Welcome to the forum. I try to usually not hug. :happy:


----------



## vanWinchester (May 29, 2009)

Nyx said:


> I took up video editing, photoshop, and animation quite a while back. Interestingly i was just thinking about making a thread on photo editing today ^^


Great! More people who do manips and editing. Awesome. Seems I am in the right place here. Hehe. 

And thanks for welcoming me.


----------



## LadyJava (Oct 26, 2008)

Hello, vanWinchester. Welcome to PersonalityCafe.


----------



## Siggy (May 25, 2009)

Welcome,

Its great to have you here. You wont have any difficulty finding good conversations. we are a lively and fun bunch.


----------



## vanWinchester (May 29, 2009)

java_monkey said:


> Hello, vanWinchester. Welcome to PersonalityCafe.


Thank you *bows* 



cassini said:


> Welcome,
> 
> Its great to have you here. You wont have any difficulty finding good conversations. we are a lively and fun bunch.


Thank you. 
Well, I will stay tuned then. Hehe.


----------



## LadyJava (Oct 26, 2008)

Nyx said:


> Welcome to the forum. I try to usually not hug. :happy:


That's funny, I have to restrain myself, too. I try to note whether the poster is a T or an F, and try not to annoy the T's with a bunch of emoticons or hugs. :laughing:


----------



## vanWinchester (May 29, 2009)

Well, I have nothing against hugs, as long as it is not constantly and also...*goes mysterious* as long as nobody is watching. 

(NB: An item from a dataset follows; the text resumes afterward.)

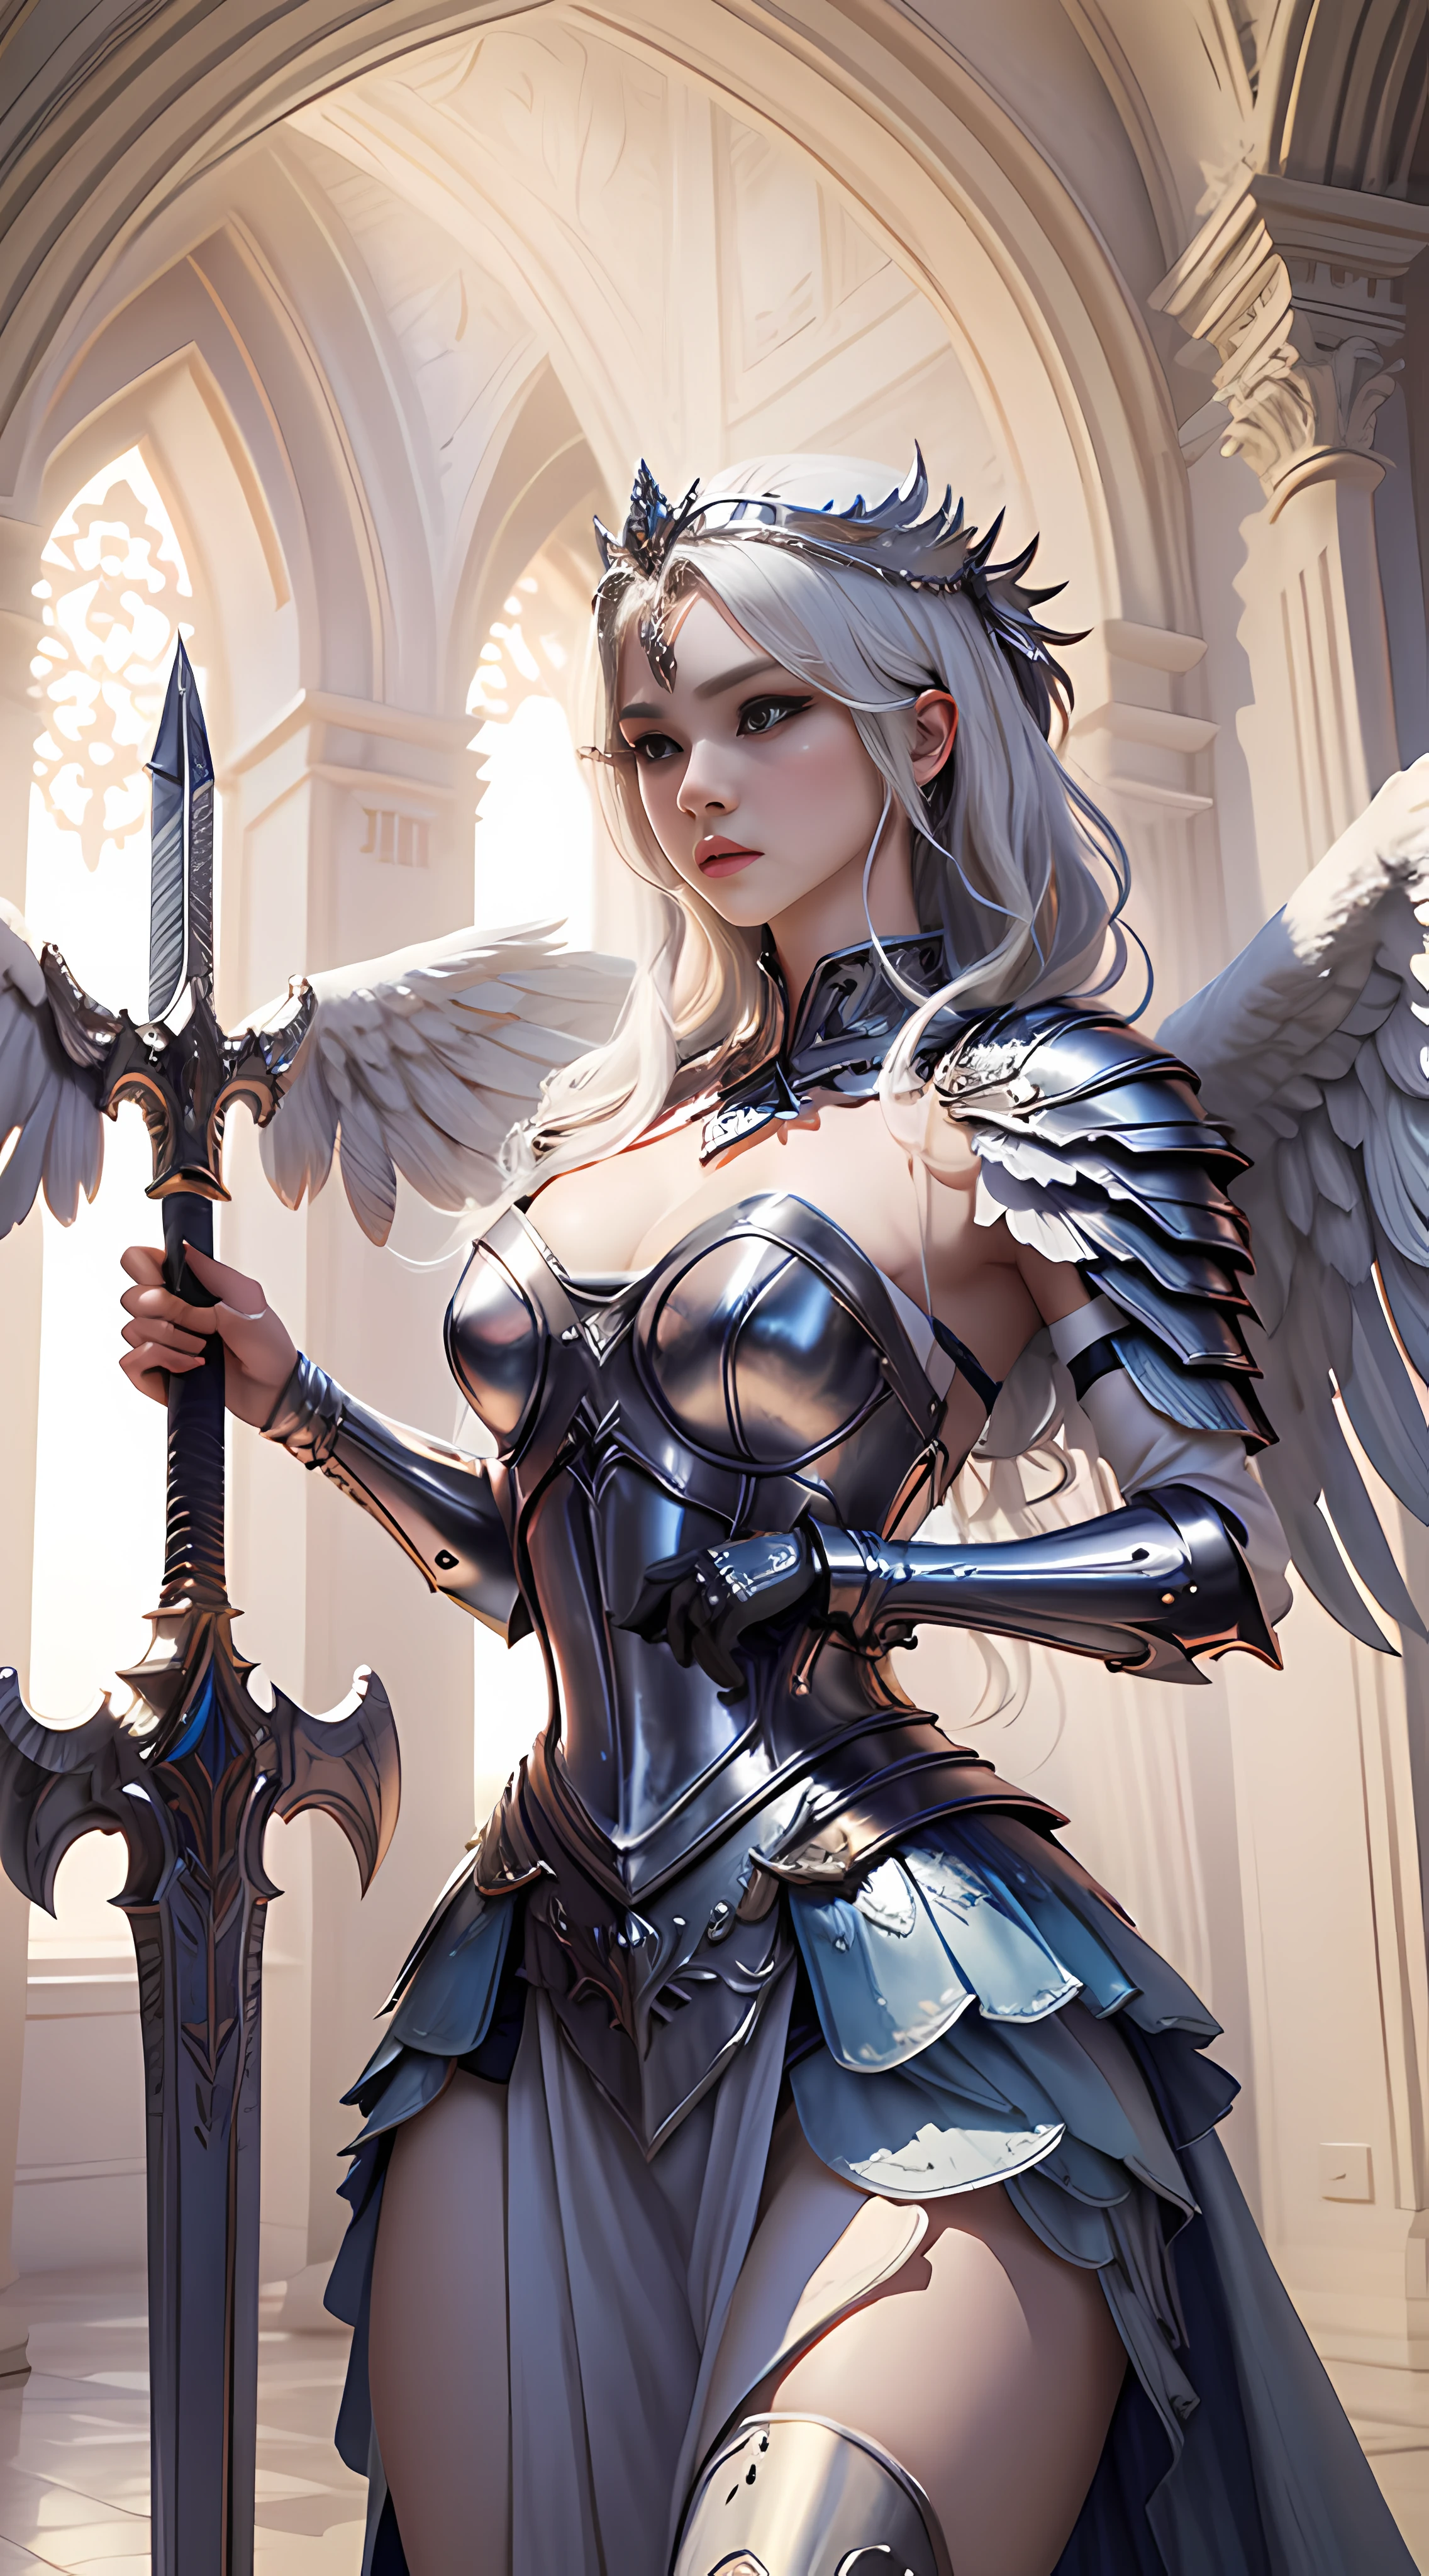 ((最好的质量)), ((杰作)), (详细的),1女孩,独自的,全身同性恋 , 女武神,天使,女武神 armor,天使的翅膀,带翼头盔, 女士,gaodanvshen, [剑:火:0.3] 和 [盾牌:冰:0.3],Sword 和 shield

*checks if anybody is watching* 
Coast is clear! So if you want to, go ahead I guess.


----------



## LadyJava (Oct 26, 2008)

*Gives vanWinchester a big, welcoming hug.* :happy:


----------



## vanWinchester (May 29, 2009)

java_monkey said:


> *Gives vanWinchester a big, welcoming hug.* :happy:


Well thanks. *checks if really nobody saw it* *quickly hugs back* 
*cough* Okay so...nice to meet you. =P


----------



## starri (Jan 23, 2009)

haha  

well i initially typed that as a joke on * i usually don't bite * 

but cool

*group hug!*


----------



## LadyJava (Oct 26, 2008)

I knew it! Even you INTJ's have a creamy center. :wink:

YouTube - Scrubs, Season Four (4), Episode Seven (7), My Common Enemy, Bastard Coated Bastards with Bastard Filling


----------



## Closet Extrovert (Mar 11, 2009)

Hello. I said welcome on your public profile already. I like your signature (the rule 1). I think it's funny! :laughing:


----------



## slowriot (Nov 11, 2008)

hello and welcome from a european intp


----------



## Kevinaswell (May 6, 2009)

Welcome.

P.s. Whoever is in your avatar is fuckin' hott.


----------



## TreeBob (Oct 11, 2008)

Kevinaswell said:


> Welcome.
> 
> P.s. Whoever is in your avatar is fuckin' hott.

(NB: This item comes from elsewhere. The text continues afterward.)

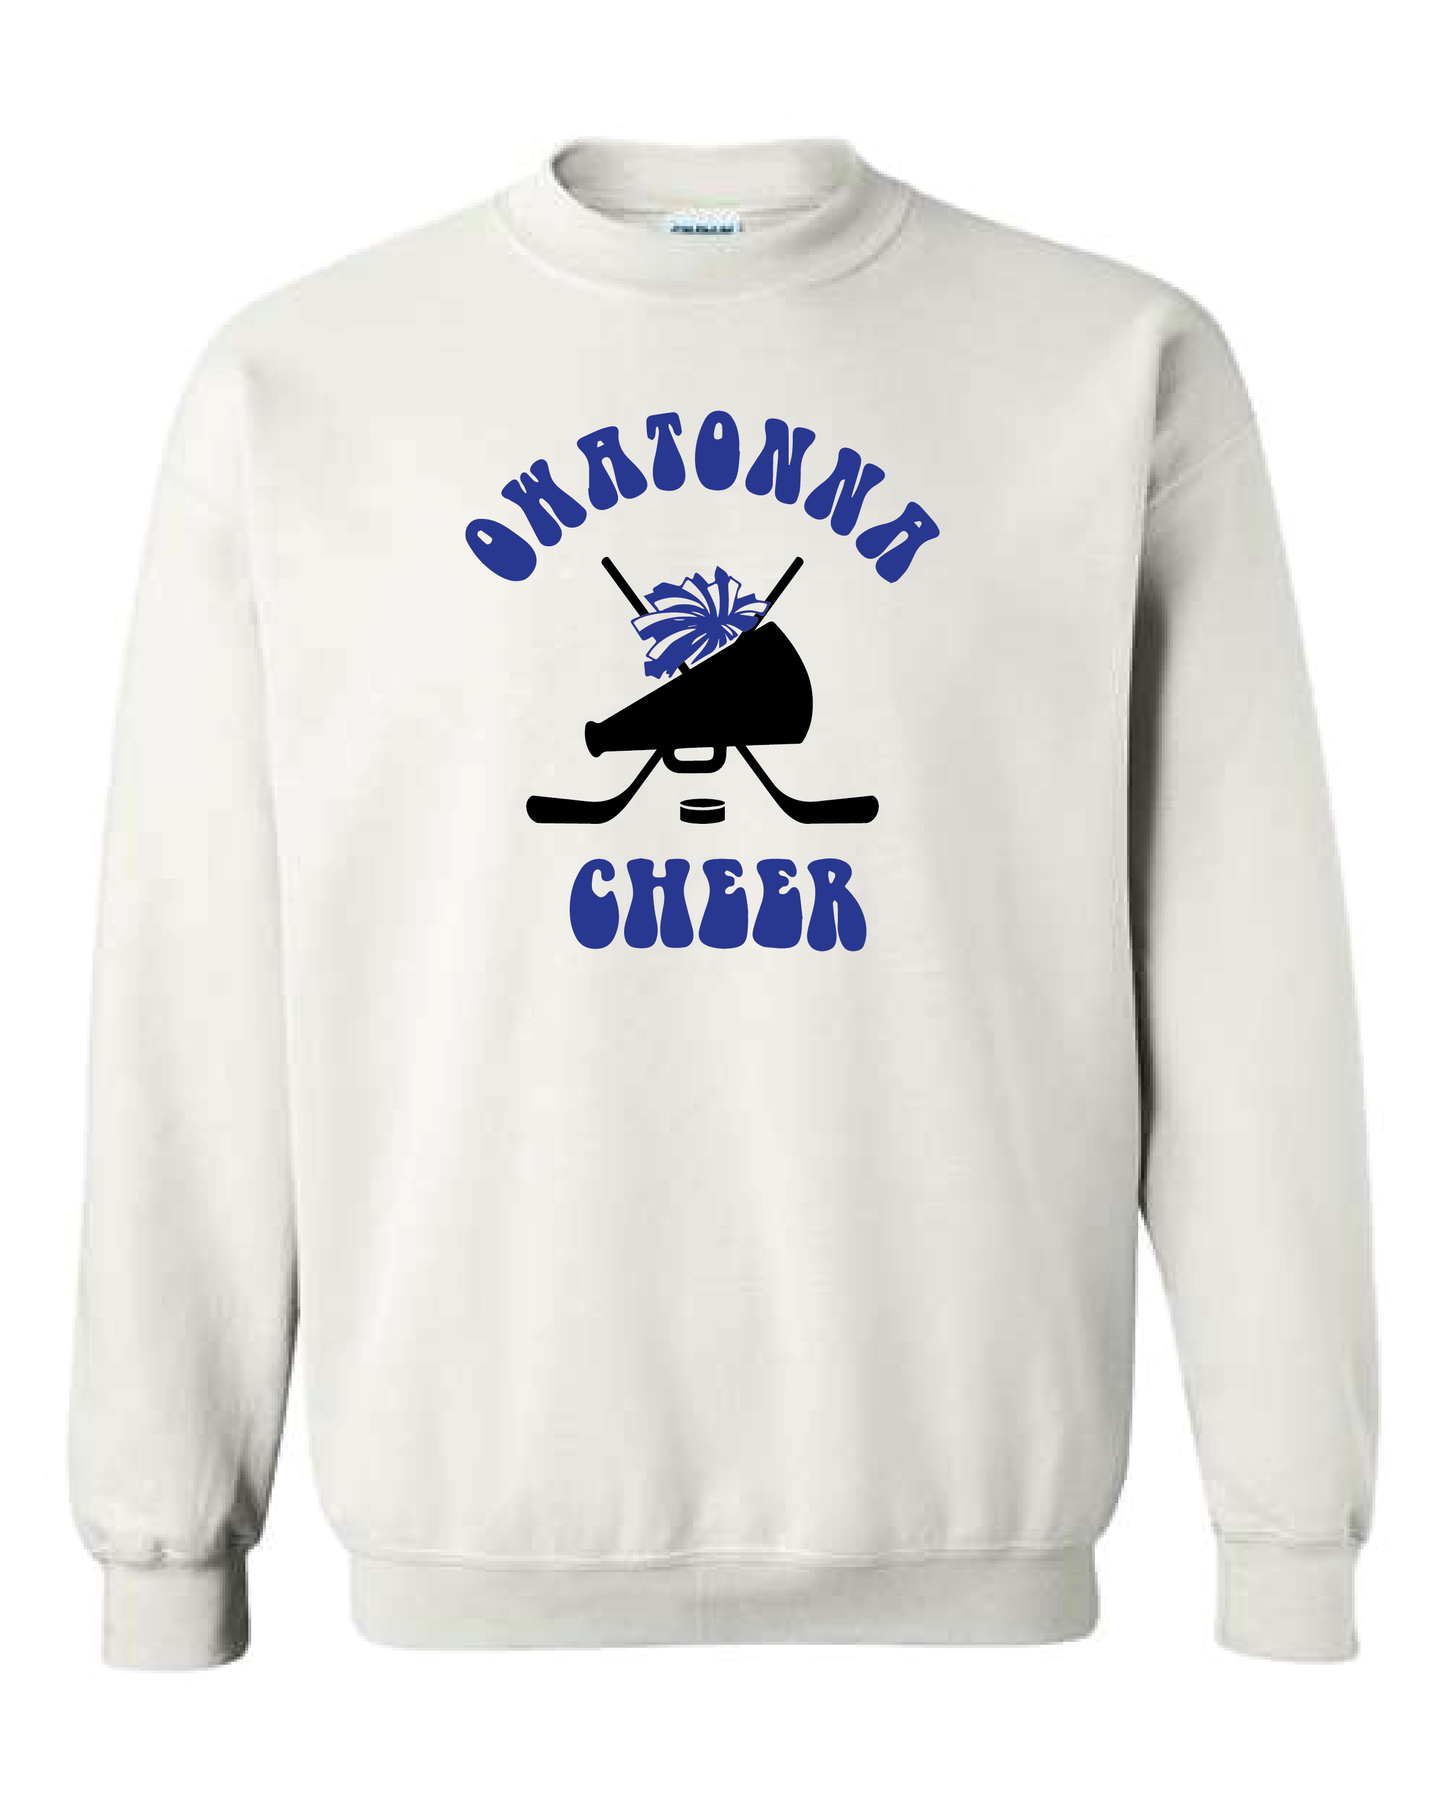 OHS Cheer Hockey Sweatshirt - Multiple Colors

err I guess you are gay? Not that it is an issue. 

oh and vanWinchester :shocked::bored:roud::happy::laughing:


----------



## Kevinaswell (May 6, 2009)

Wait, what are you trying to say?


----------



## TreeBob (Oct 11, 2008)

well I said it plainly in my ST way. You commented on a hot picture of a guy and you are a guy so...


----------



## mcgooglian (Nov 12, 2008)

Welcome to the Cafe. There'll be a fair share of weirdos and explosions here.


----------



## Kevinaswell (May 6, 2009)

TreeBob said:


> well I said it plainly in my ST way. You commented on a hot picture of a guy and you are a guy so...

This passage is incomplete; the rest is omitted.